In our dataframe `train_y` we have phenotype information for every person in `train_X`. We will use this information as our dependent variable in our regression. **Here our phenotype is BMI**.

QUESTION:

1. Using the example code we created above to run OLS regression, run regression between BMI and the genetic data.

2. Look at the summary of your OLS model. How many variants are significantly associated with BMI?

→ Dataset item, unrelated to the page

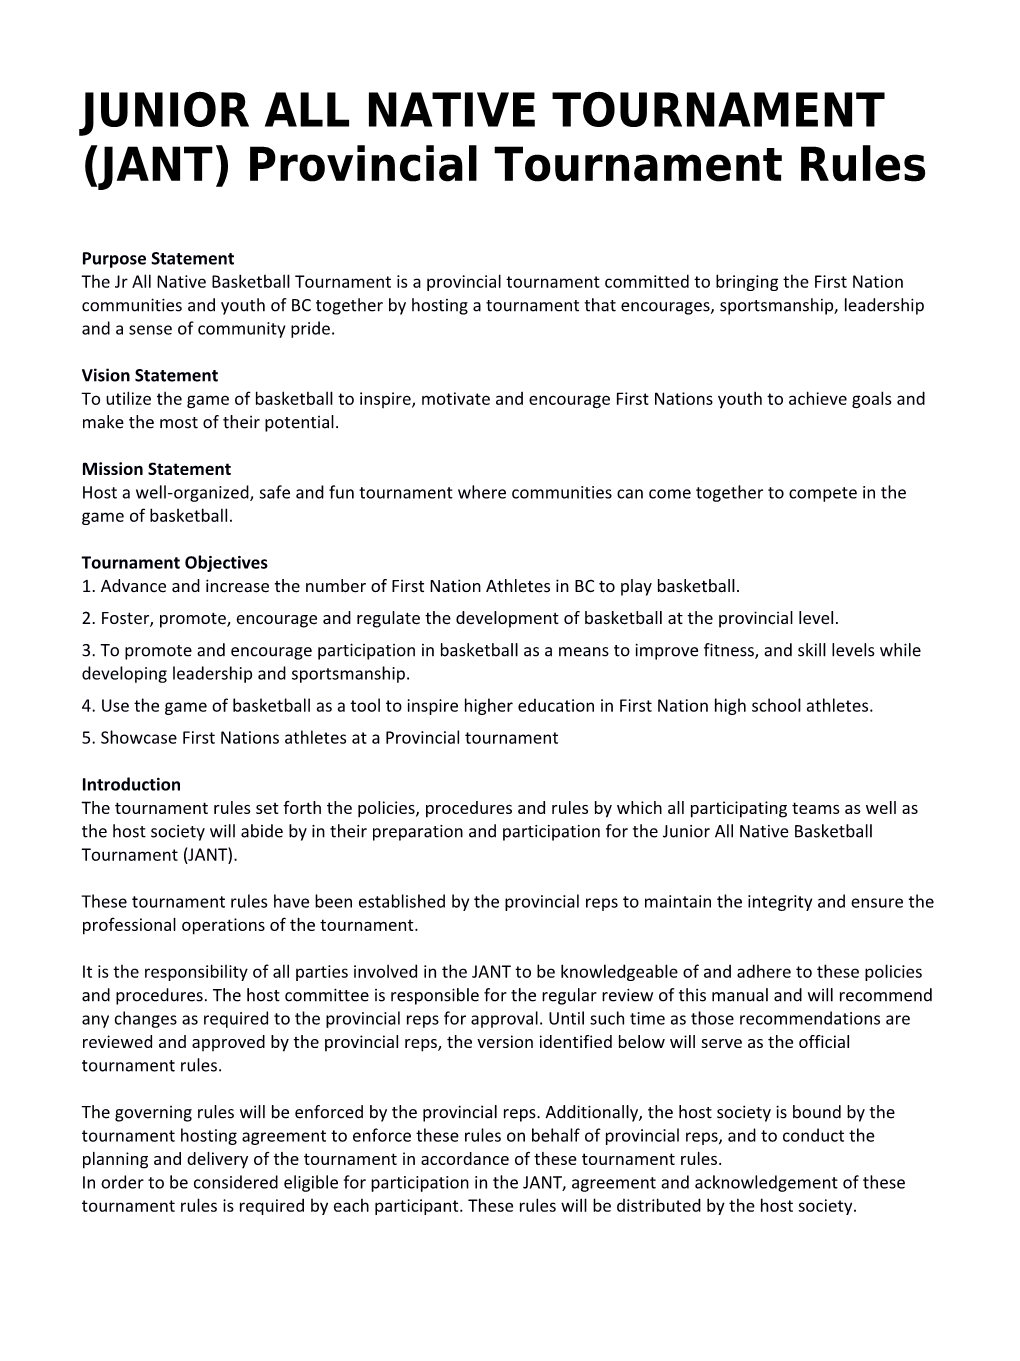 JUNIOR ALL NATIVE TOURNAMENT (JANT) Provincial Tournament Rules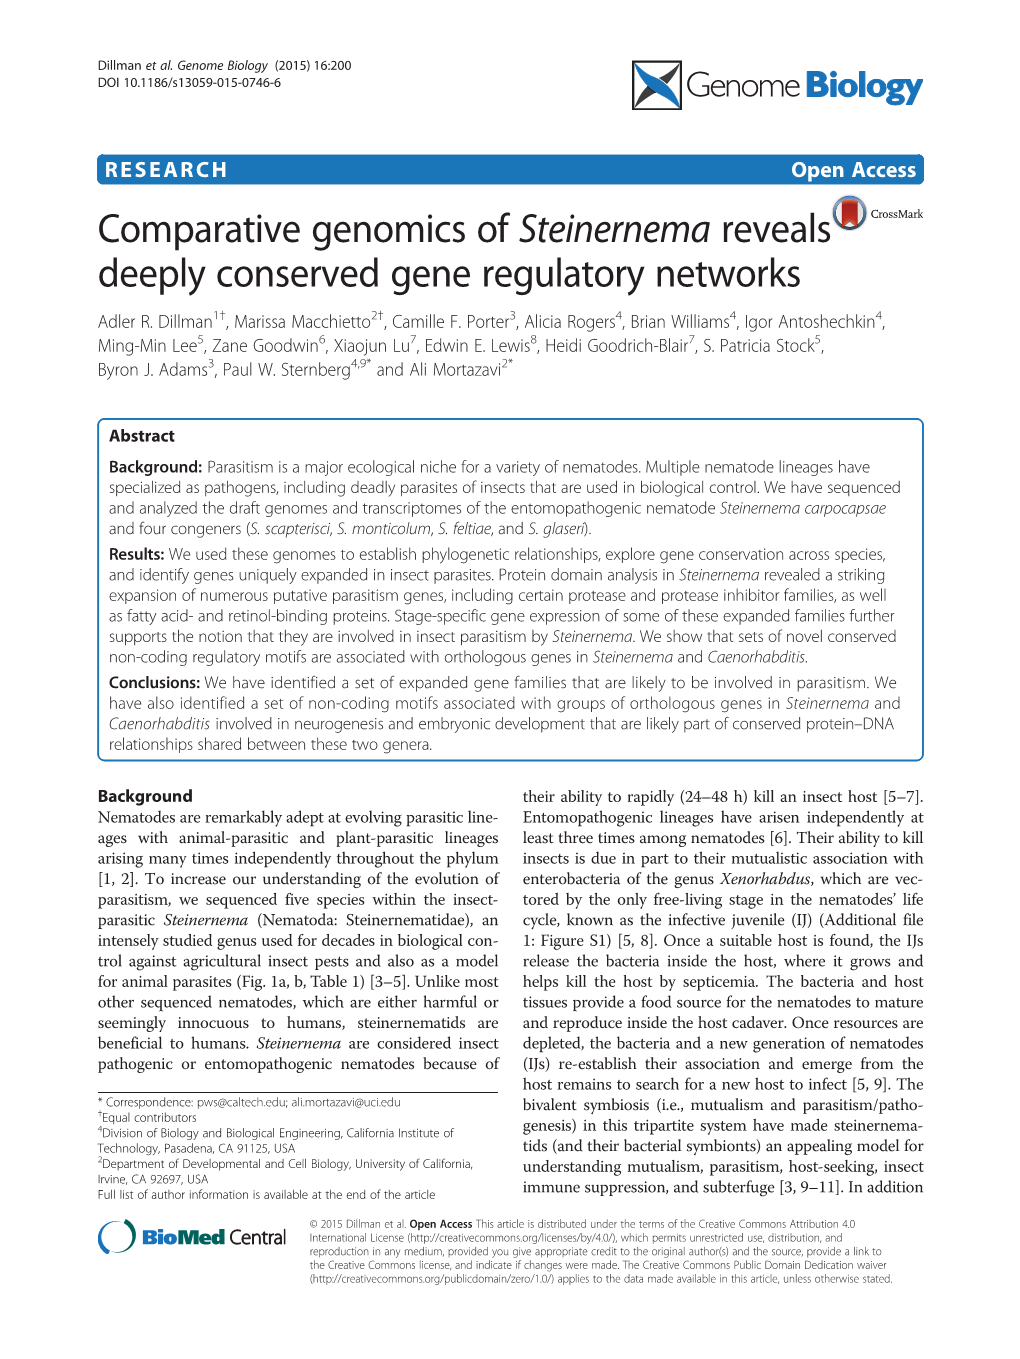 Comparative Genomics of Steinernema Reveals Deeply Conserved Gene Regulatory Networks Adler R

Here, we made a model on the relationship between 100 different genetic variants and a BMI. Now, lets say we recruit 2000 more people into our study, and collect their genetic information for each of these 100 genetic variants as well. We can now use our model to predict what each person's BMI will be given their genetic information.

In [None]:
test_X = pd.read_table('https://raw.githubusercontent.com/rmandla/biomed_computational_labs/refs/heads/main/files/TEST_genotypes.txt').set_index('ID')
test_y = pd.read_table('https://raw.githubusercontent.com/rmandla/biomed_computational_labs/refs/heads/main/files/TEST_phenotypes.txt').set_index('ID')

In [None]:
test_X

Here is what the genetic data in the `test_X` dataframe from our new cohort of participants looks like. We can see that the columns are the same as `train_X`, but the person IDs are different and there are only 2000 people in our dataset.

QUESTION:
1. Using the OLS model you created in the training data, predict what each new participant's BMI will be from their genetic information. HINT: In the height vs weight example, we did this using an equation of `intercept + slope * height`. However, here we have 100 different variables, so writing all those values into an equation ourself will take a long time! Instead, we can use a nice method called `predict` to run this equation for us.

2. Create a scatter plot of the genetically predicted BMI from the question above to their true BMI information in the table `test_y`. Visually, how accurate do our genetic predictions seem?